For confocal microscopy, platelets (5 × 105/µL) were loaded with FluoZin-3/AM (5 µg/mL of dye in DMSO mixed 1:1 in 37 °C pre-heated pluronic acid), left shaking at 300 rpm; 30 min; 37 °C; dark. To allow the ester to cleave, loaded platelets are left idle for 20 min; 37 °C; dark. 125,000 of FluoZin3-AM loaded platelets/µL were fixed with 2% PFA-Phem, and allowed to adhere immediately on poly-L-lysine (for 20 min at room temperature), or allowed to spread on cover slips coated with fibrinogen (100 µg/mL) at 37 °C for 30 min after 0.01 U/mL thrombin stimulation (0.2 mM CaCl2 supplemented). The spread platelets were fixed with 2% PFA-Phem for 20 min. Adhered platelets were counter-stained with 100 µL of phalloidin-Atto 647 N (diluted 1:200 in PBS) for 1 h. Coverslips were washed with PBS, and mounted onto glass slides using Fluro shield mounting medium. Microscopic images were obtained using a Leica TCS SP5 confocal microscope (Leica Microsystems, Wetzlar, Germany), and analyzed with FiJi, Leica light and Imaris software.

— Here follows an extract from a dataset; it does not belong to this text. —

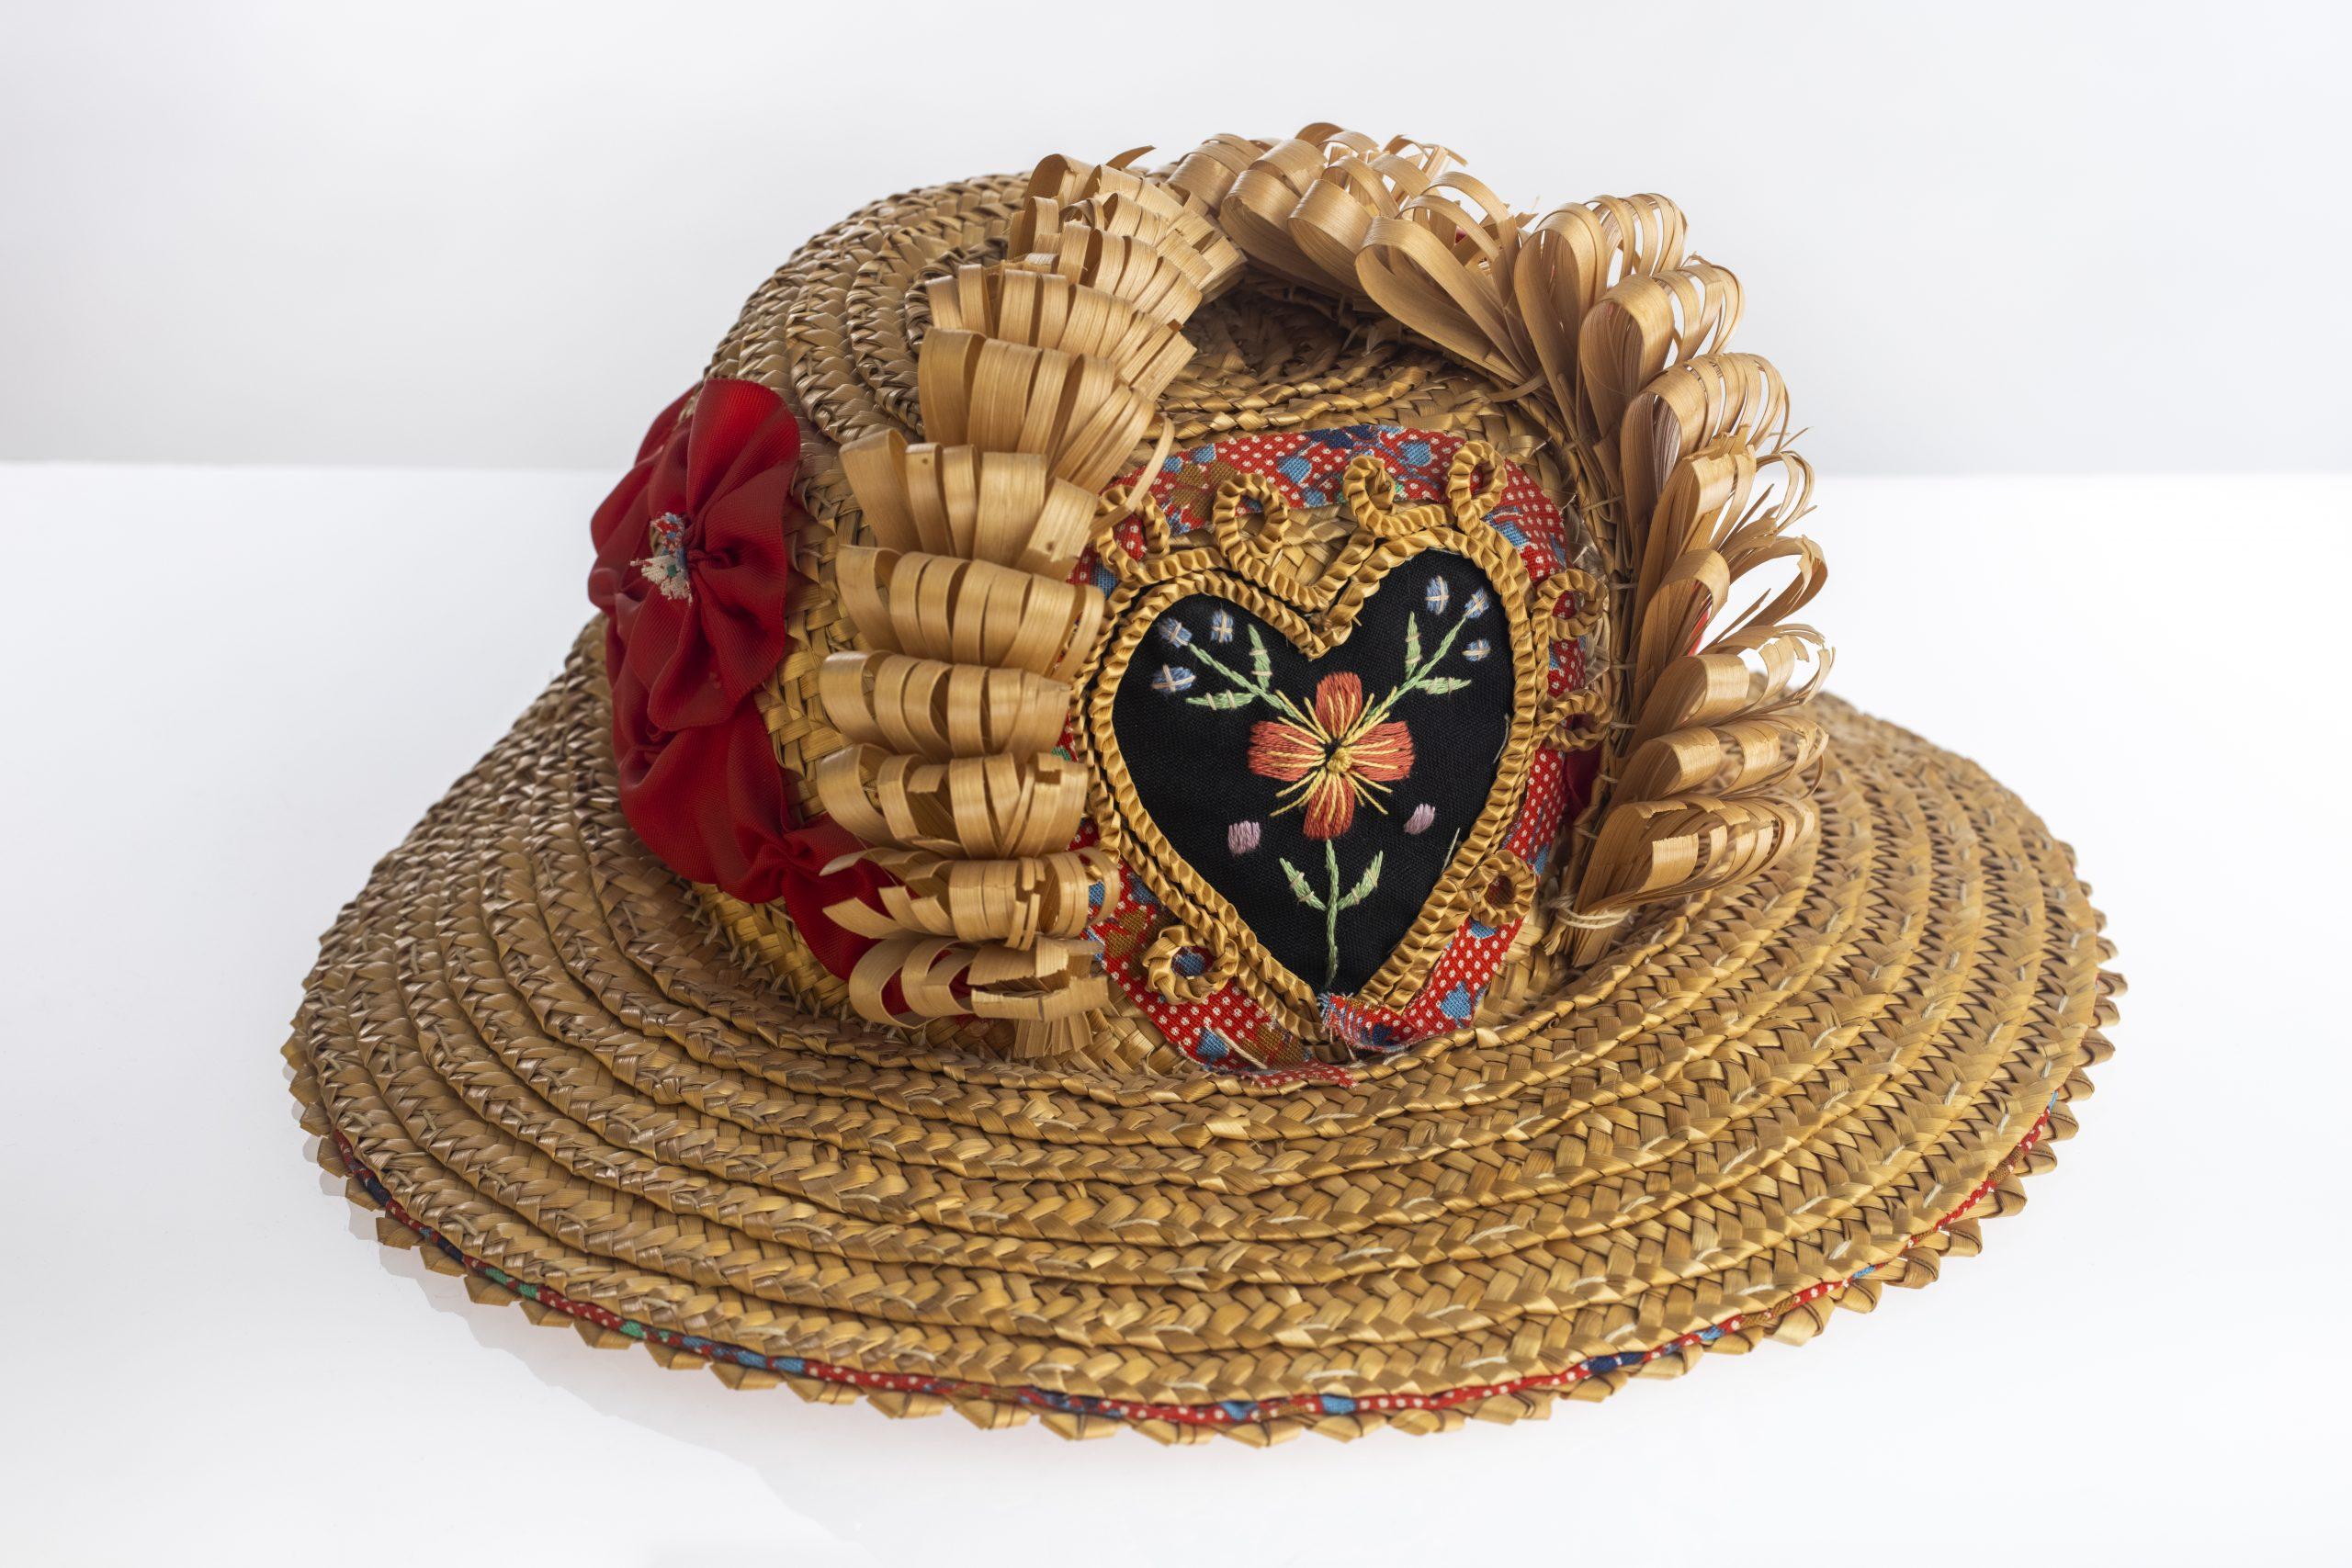 Gorra de paja, NavamojadaNavamojadaTradicional / Popular. Siglo XIX / XX.Paja de centeno/ 16 x 32 Ø máx. cm.Donación de Nicolasa Chapinal[C/83/2/2247]. Sala I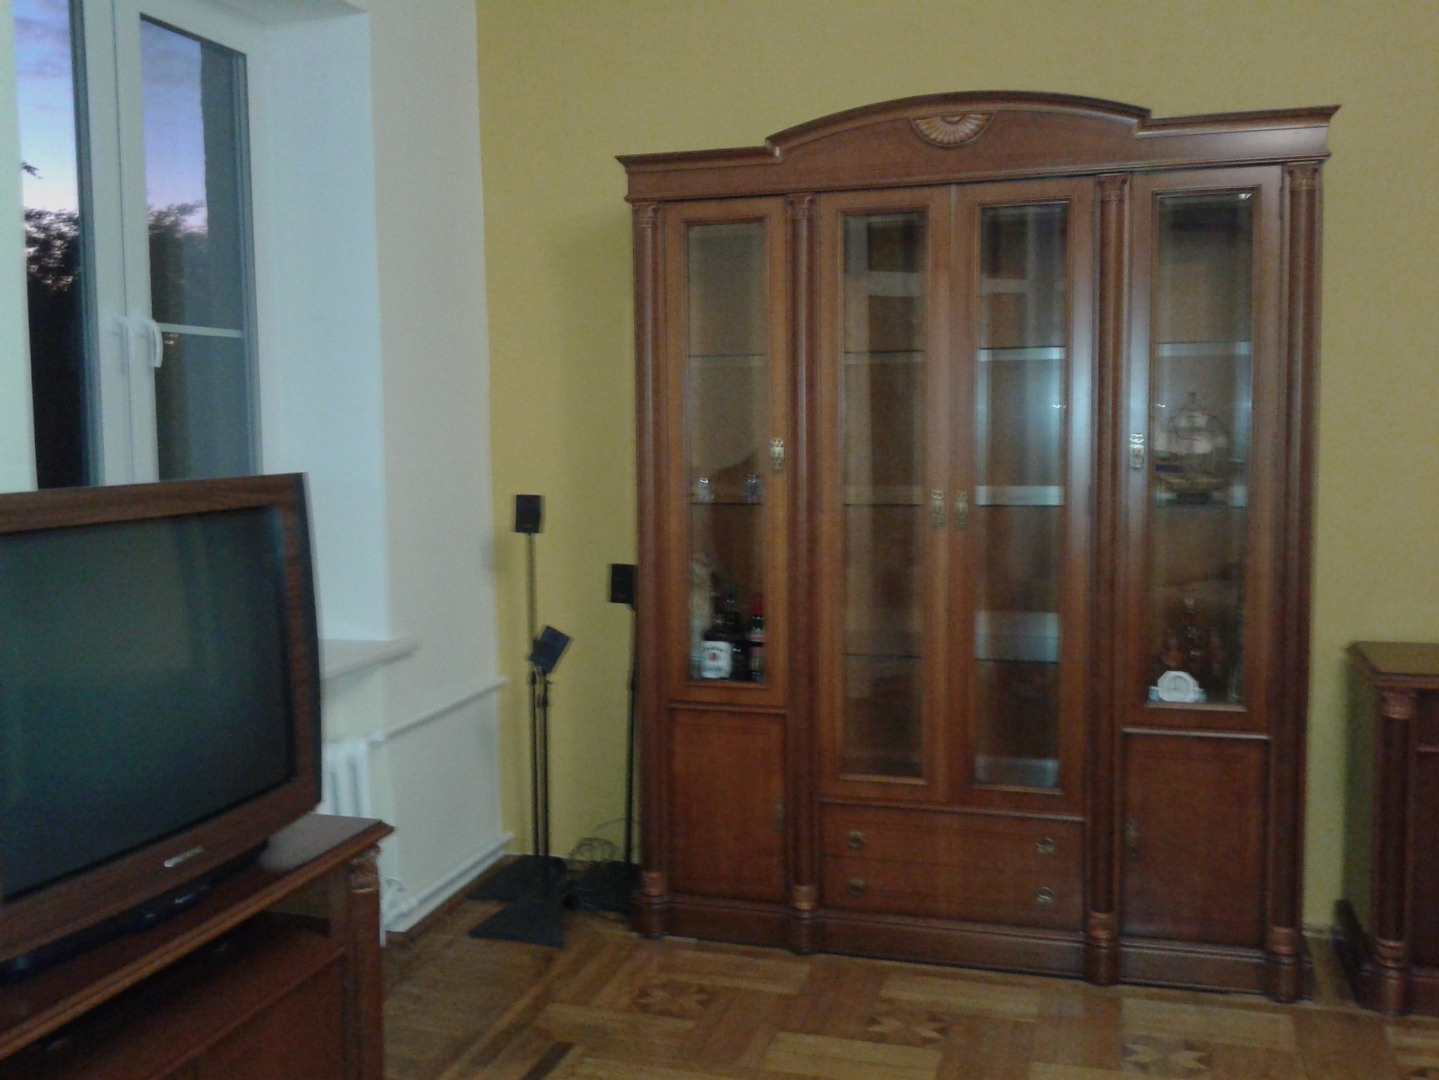 Продается 2-комнатная Квартира на ул. Шевченко Пр. — 90 000 у.е. (фото №12)

Turbidity assay for fibrin formation

Washed platelets from WT, Unc13d−/− and Nbeal2−/− mice were activated with 0.1 U/mL or 1 U/mL thrombin in the presence or absence of 100 μM ZnCl2 or apyrase (2 U/mL) and were then incubated at 37 °C for 30 min. Thrombin-induced fibrin polymerisation was monitored for 2 hours by evaluating the turbidity at 405 nm using an ELISA reader.

Whole-blood fibrin formation on platelet thrombi in a flow system

Platelet-mediated fibrin formation in recalcified mouse whole blood using a microfluidics flow chamber with microspots of collagen and tissue factor, at a shear rate of 1000 s−1 was measured, as described before22.

Statistical analysis

Statistical significance was analyzed using SigmaPlot 11 software. Statistical difference of the means (Mean ± SEM) was determined using 2-way analysis of variance, followed by the stated test of variance for significance or an unpaired Student’s t test. P values < 0.05 were considered to be significant (*P < 0.05, **P < 0.01, ***P < 0.001, ****P < 0.0001).